If there are any who have not yet joined us, and would rise above this barbarism – to them I would say, “It is quite easy, and soon becomes altogether delightful. The first step, the second step, and the last step is the wish to do it. If you are filled with gloomy forebodings, if you think you are to undergo a severe ordeal, and are sure that you will succumb, you will certainly make a failure of it.
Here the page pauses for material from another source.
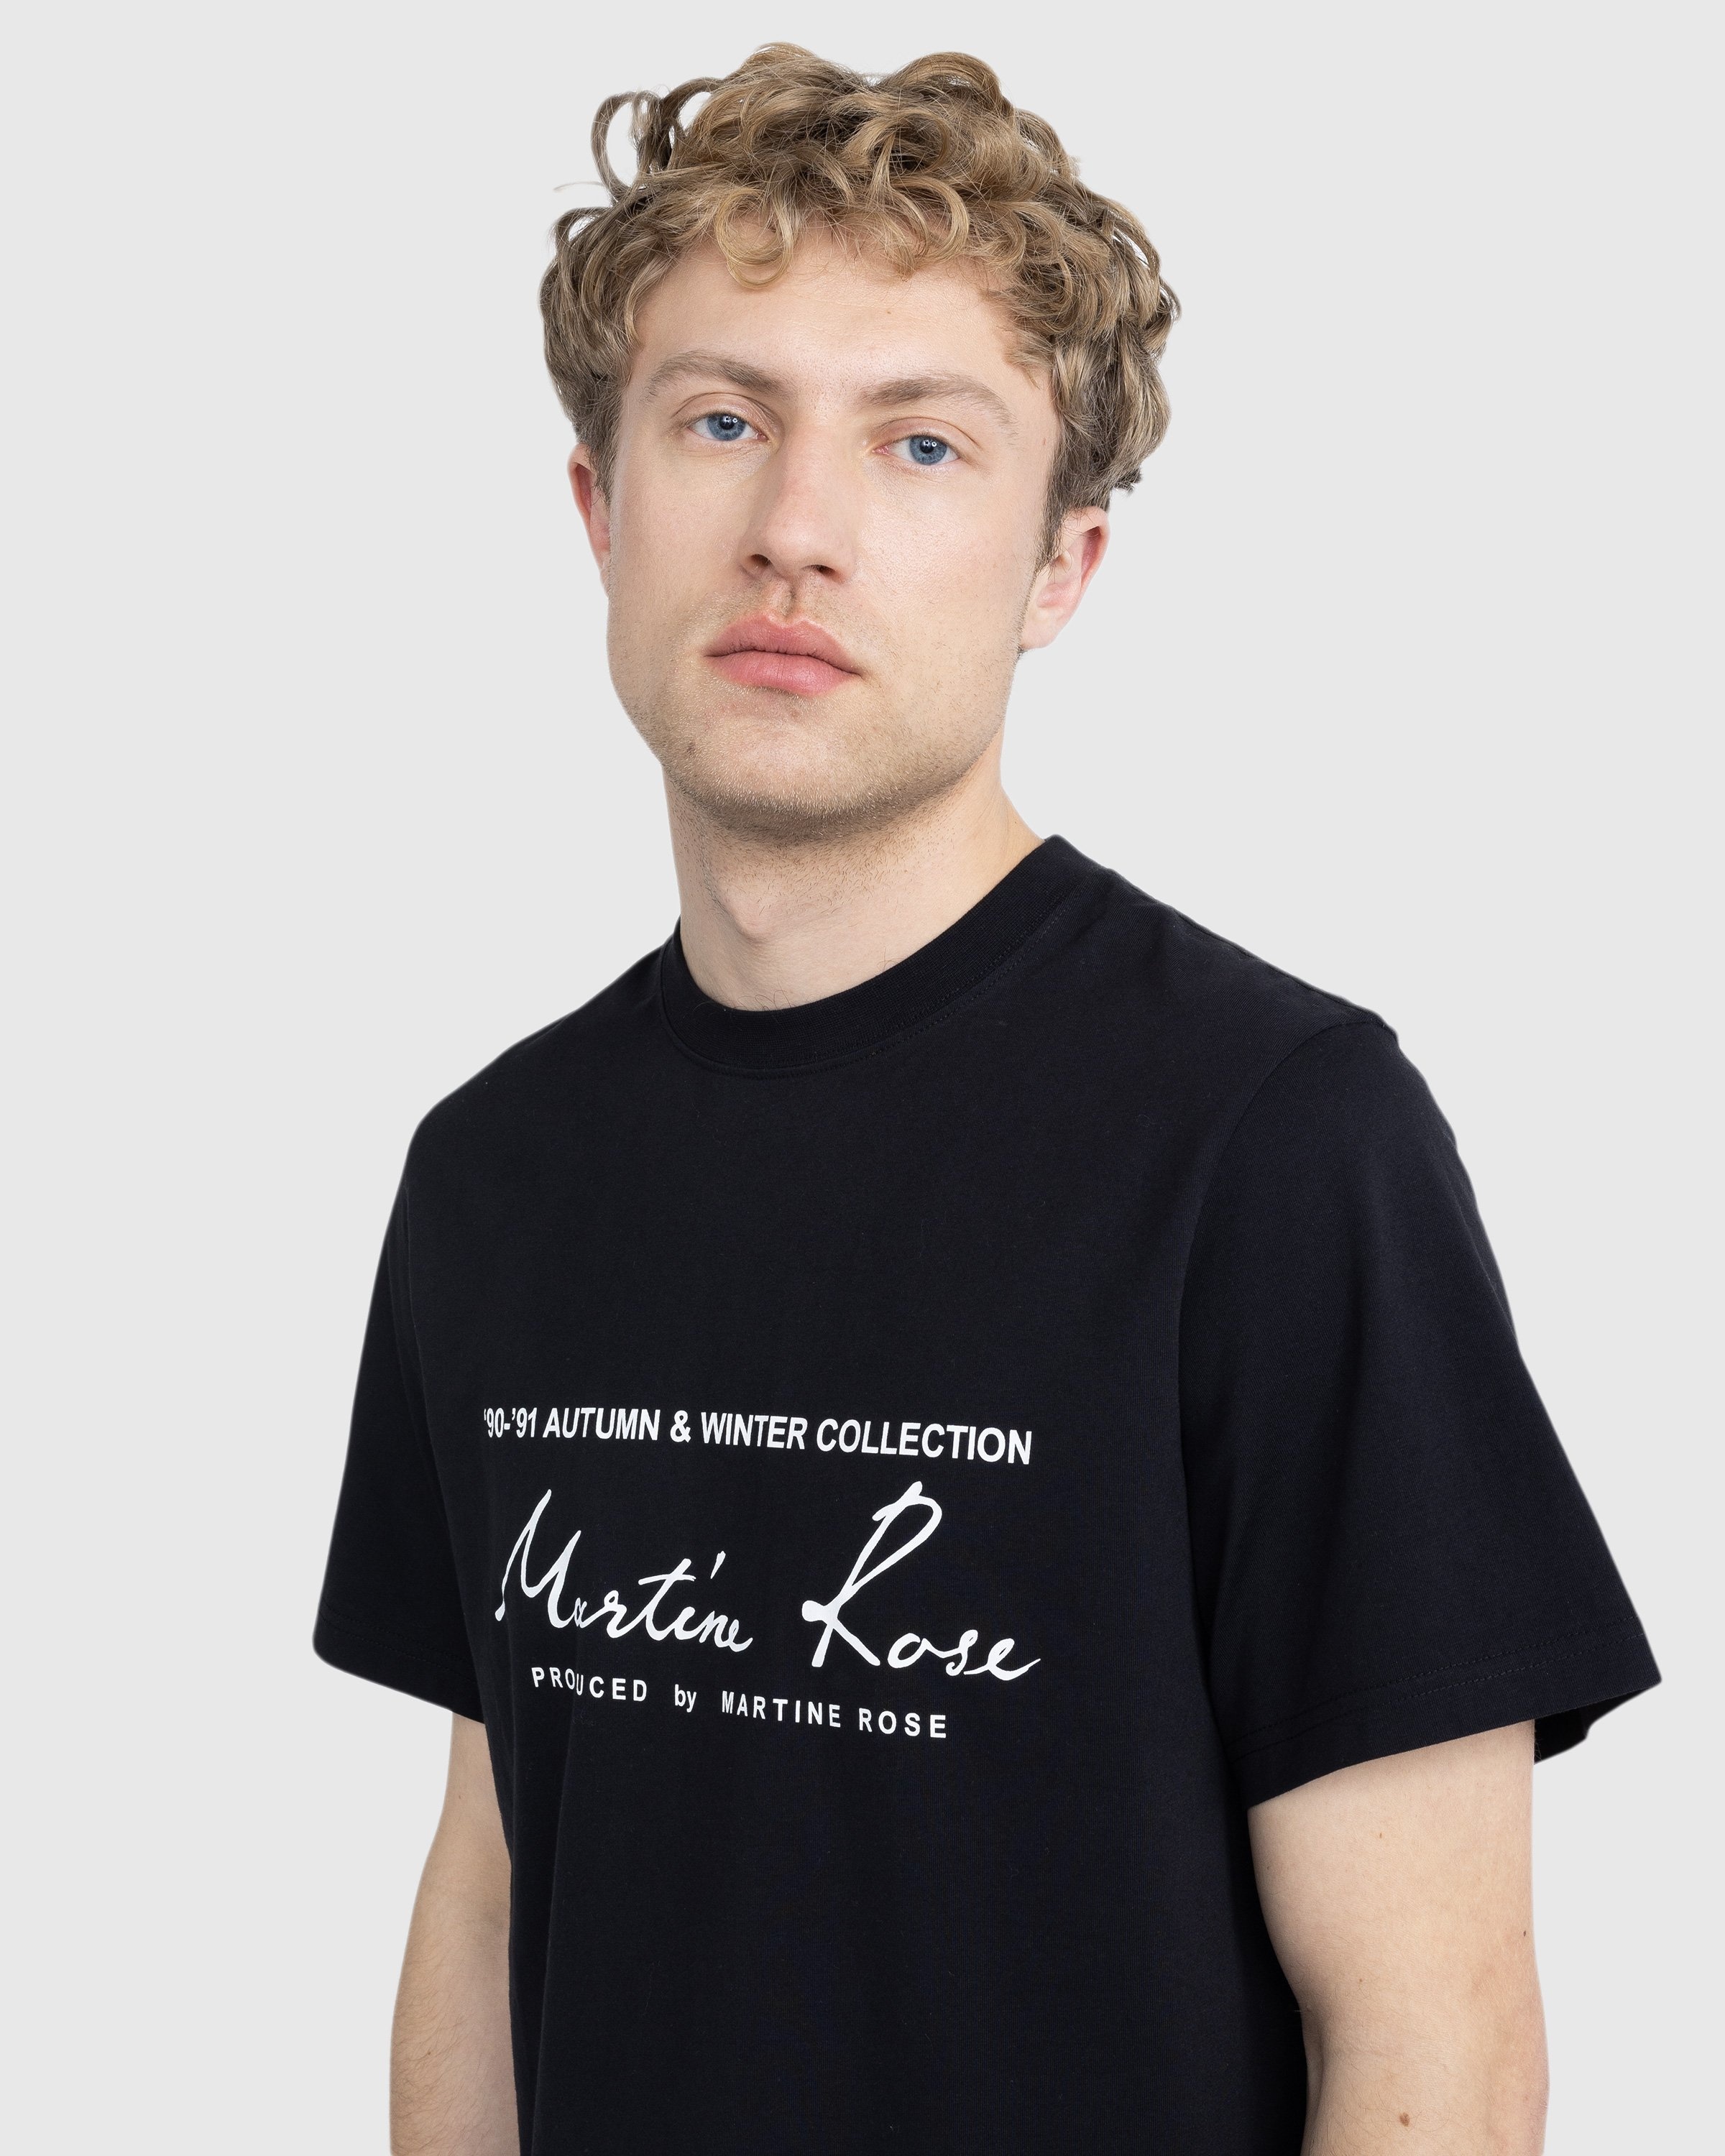 Martine Rose – Classic S/S T-Shirt Black | Highsnobiety Shop
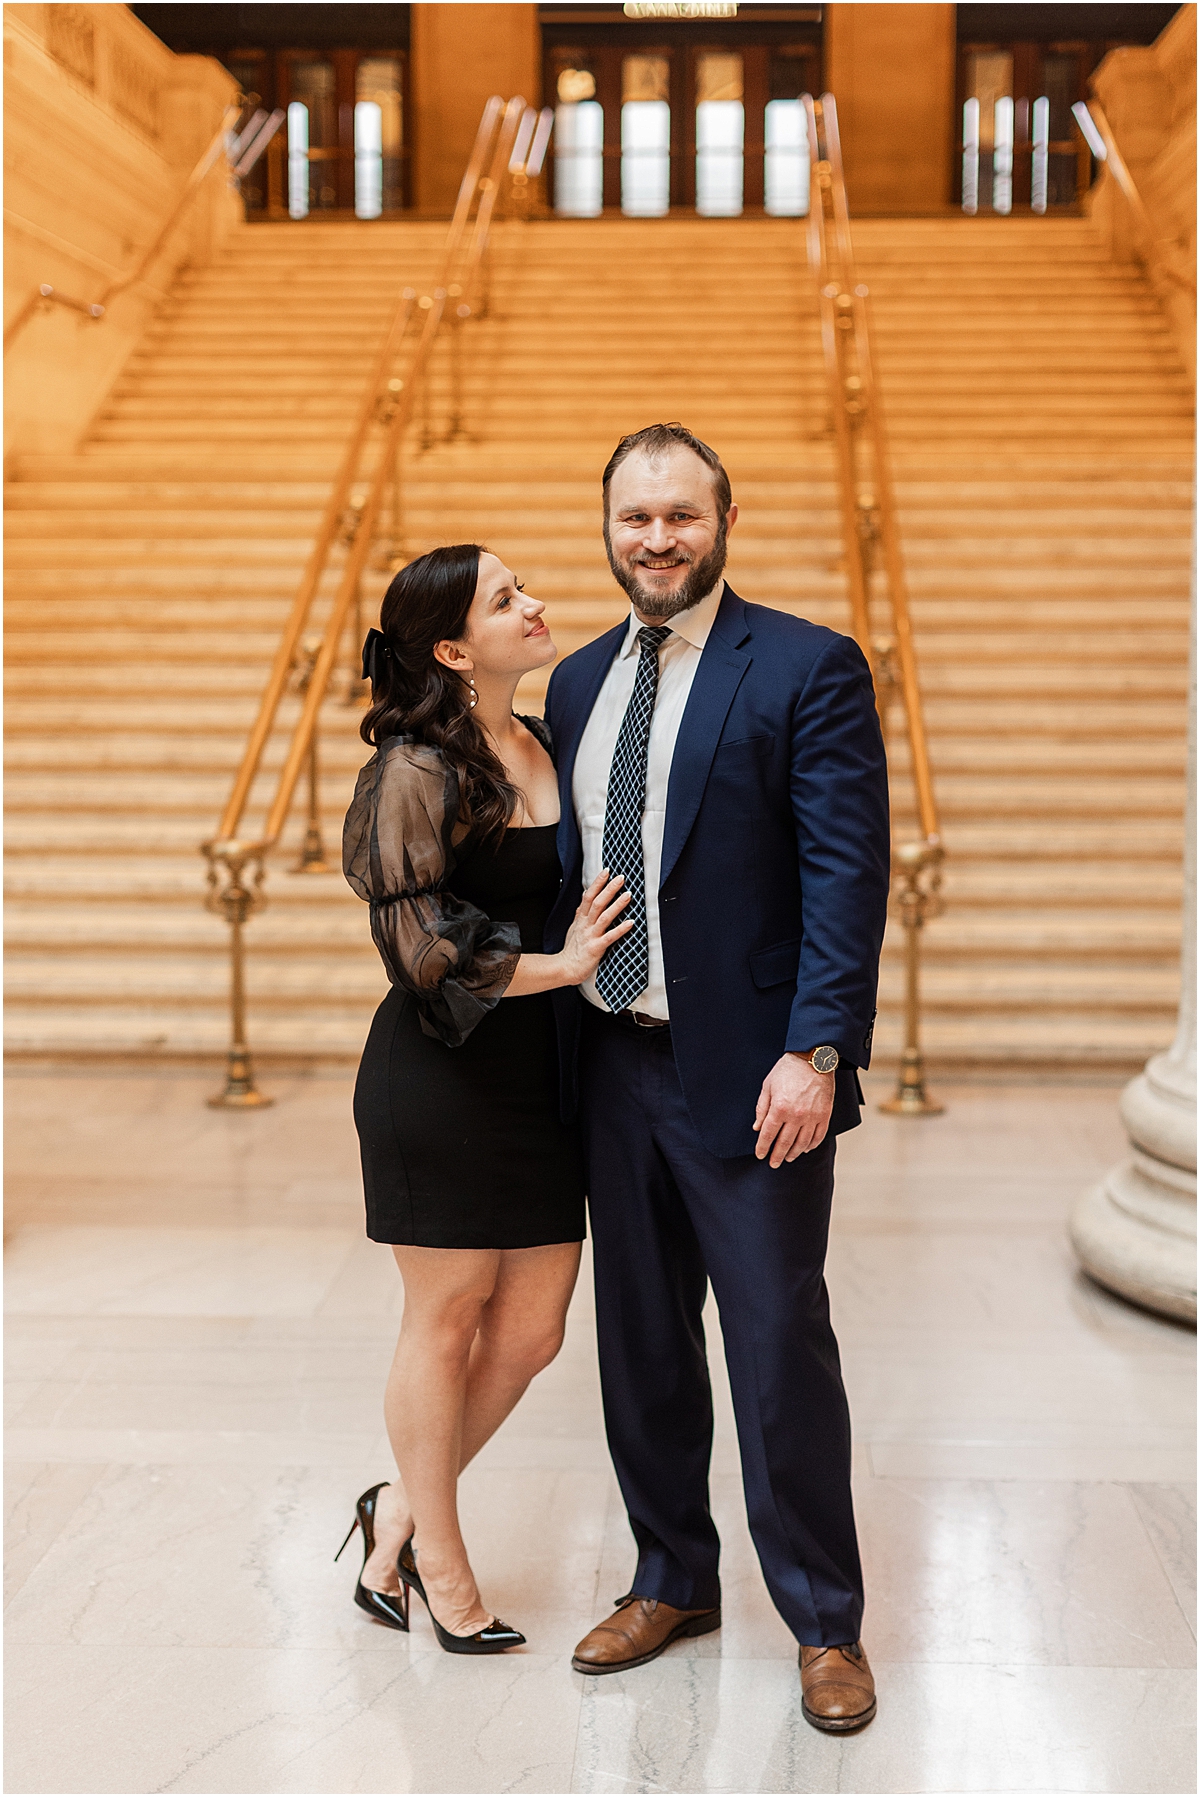 Chicago wedding photographer captures couple's Engagement photos

But if you really wish it, if you feel that it is right and the best way, you will soon overcome any difficulties there may in the way. It is not what you eat so much as the spirit in which you take it which is important. As Edward Carpenter has said, “It is not the food which vitalizes you, but you who vitalize the food.” In the vegetable world is a wide range of wholesome foods, enough to support the ponderous strength of the elephant, and the hard muscles of the gorilla, the speed of the antelope, the brain of a Plato, Pythagoras, and a Newton. ARe you not content with this?.

Let me ask all of you who have any upward strivings whether you are not doing yourself a great wrong in clinging to the barbarous habits of your savage ancestors, and in shutting your hearts to a new and beautiful means and aid to bodily health and spiritual progress.